Prove that the circles described on the four sides of a rhombus as diameter, pass through the point of intersection of its diagonals.

Solution:

Given : ABCD is a rhombus. Four circles are drawn on the sides AB, BC, CD and DA respectively

To prove : The circles pass through the point of intersection of the diagonals of the rhombus ABCD

Proof: ABCD is a rhombus whose diagonals AC and BD intersect each other at O

∵ The diagonals of a rhombus bisect each other at right angles

∴ ∠AOB = ∠BOC = ∠COD = ∠DOA = 90°

Now when ∠AOB = 90°

and a circle described on AB as diameter will pass through O

Similarly, the circles on BC, CD and DA as diameter, will also pass through O

Question 20.

If the two sides of a pair of opposite sides of a cyclic quadrilateral are equal, prove that is diagonals are equal.

Solution:

Given : In cyclic quadrilateral ABCD, AB = CD

AC and BD are the diagonals

To prove : AC = BC

Proof: ∵ AB = CD

∴ arc AB = arc CD

Adding arc BC to both sides, then arc AB + arc BC = arc BC + arc CD

⇒ arc AC = arc BD

∴ AC = BD

Hence diagonal of the cyclic quadrilateral are equal.

Question 21.

Circles are described on the sides of a triangle as diameters.
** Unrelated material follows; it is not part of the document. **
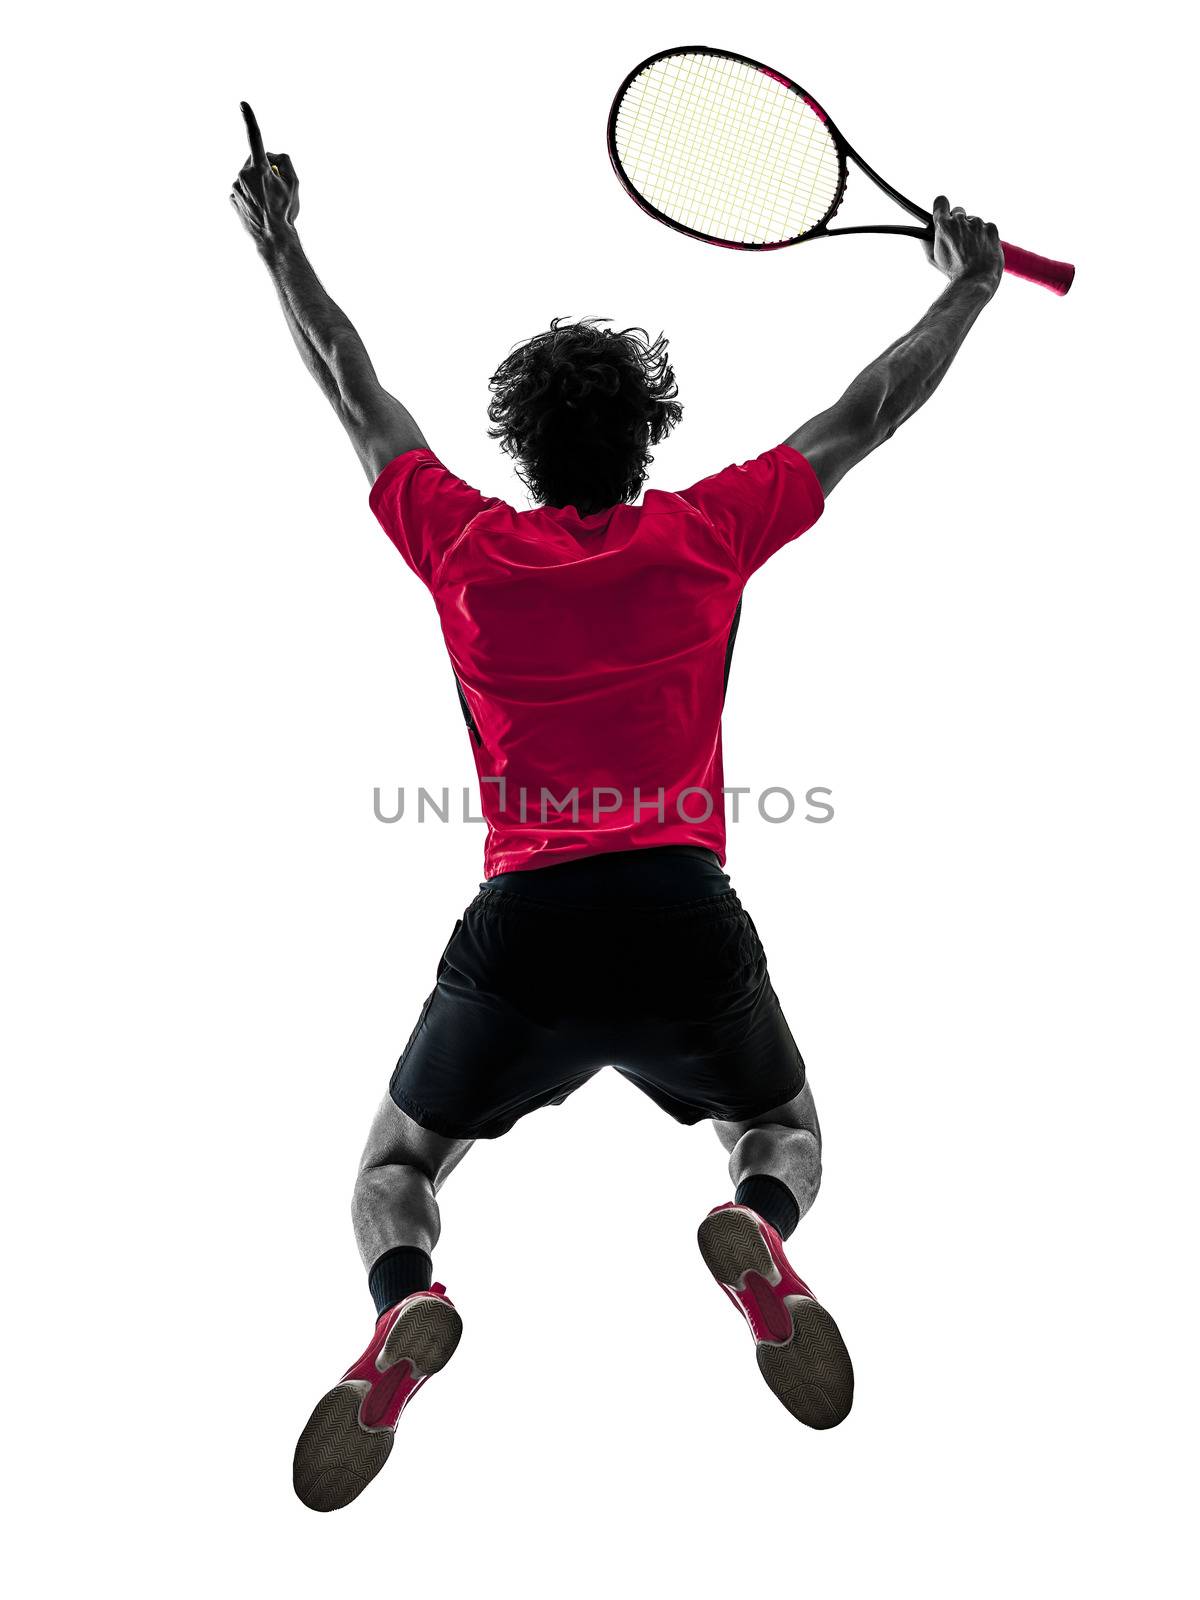 tennis player man silhouette isolated white background by PIXSTILL

Prove that the circles on any two sides intersect each other on the third side (or third side produced).

Solution:

Given : In ∆ABC, circles are drawn on sides AB and AC

To prove : Circles drawn on AB and AC intersect at D which lies on BC, the third side

Construction : Draw AD ⊥ BC

Proof: ∵ AD ⊥ BC

∴ ∠ADB = ∠ADC = 90°

So, the circles drawn on sides AB and AC as diameter will pass through D

Hence circles drawn on two sides of a triangle pass through D, which lies on the third side.

Question 22.

ABCD is a cyclic trapezium with AD || BC. If ∠B = 70°, determine other three angles of the trapezium.

Solution:

In the figure, ABCD is a trapezium in which AD || BC and ∠B = 70°

∵ AD || BC

∴ ∠A + ∠B = 180° (Sum of cointerior angles)

⇒ ∠A + 70° = 180°

⇒ ∠A= 180°- 70° = 110°

∴ ∠A = 110°

But ∠A + ∠C = 180° and ∠B + ∠D = 180° (Sum of opposite angles of a cyclic quadrilateral)

∴ 110° + ∠C = 180°

⇒ ∠C = 180°- 110° = 70°

and 70° + ∠D = 180°

⇒ ∠D = 180° – 70° = 110°

∴ ∠A = 110°, ∠C = 70° and ∠D = 110°

Question 23.

In the figure, ABCD is a cyclic quadrilateral in which AC and BD are its diagonals. If ∠DBC = 55° and ∠BAC = 45°, find ∠BCD.

Solution:

In the figure, ABCD is a cyclic quadrilateral whose diagonals AC and BD are drawn ∠DBC = 55° and ∠BAC = 45°

∵ ∠BAC and ∠BDC are in the same segment

∴ ∠BAC = ∠BDC = 45°

Now in ABCD,

∠DBC + ∠BDC + ∠BCD = 180° (Sum of angles of a triangle)

⇒ 55° + 45° + ∠BCD = 180°

⇒ 100° + ∠BCD = 180°

⇒ ∠BCD = 180° – 100° = 80°

Hence ∠BCD = 80°

Question 24.

Prove that the perpendicular bisectors of the sides of a cyclic quadrilateral are concurrent.

Solution:

Given : ABCD is a cyclic quadrilateral

To prove : The perpendicular bisectors of the sides are concurrent

Proof : ∵ Each side of the cyclic quadrilateral is a chord of the circle and perpendicular of a chord passes through the centre of the circle

Hence the perpendicular bisectors of each side will pass through the centre O

Hence the perpendicular bisectors of the sides of a cyclic quadrilateral are concurrent

Question 25.

Prove that the centre of the circle circumscribing the cyclic rectangle ABCD is the point of intersection of its diagonals.

Solution:

Given : ABCD is a cyclic rectangle and diagonals AC and BD intersect each other at O

To prove : O is the point of intersection is the centre of the circle.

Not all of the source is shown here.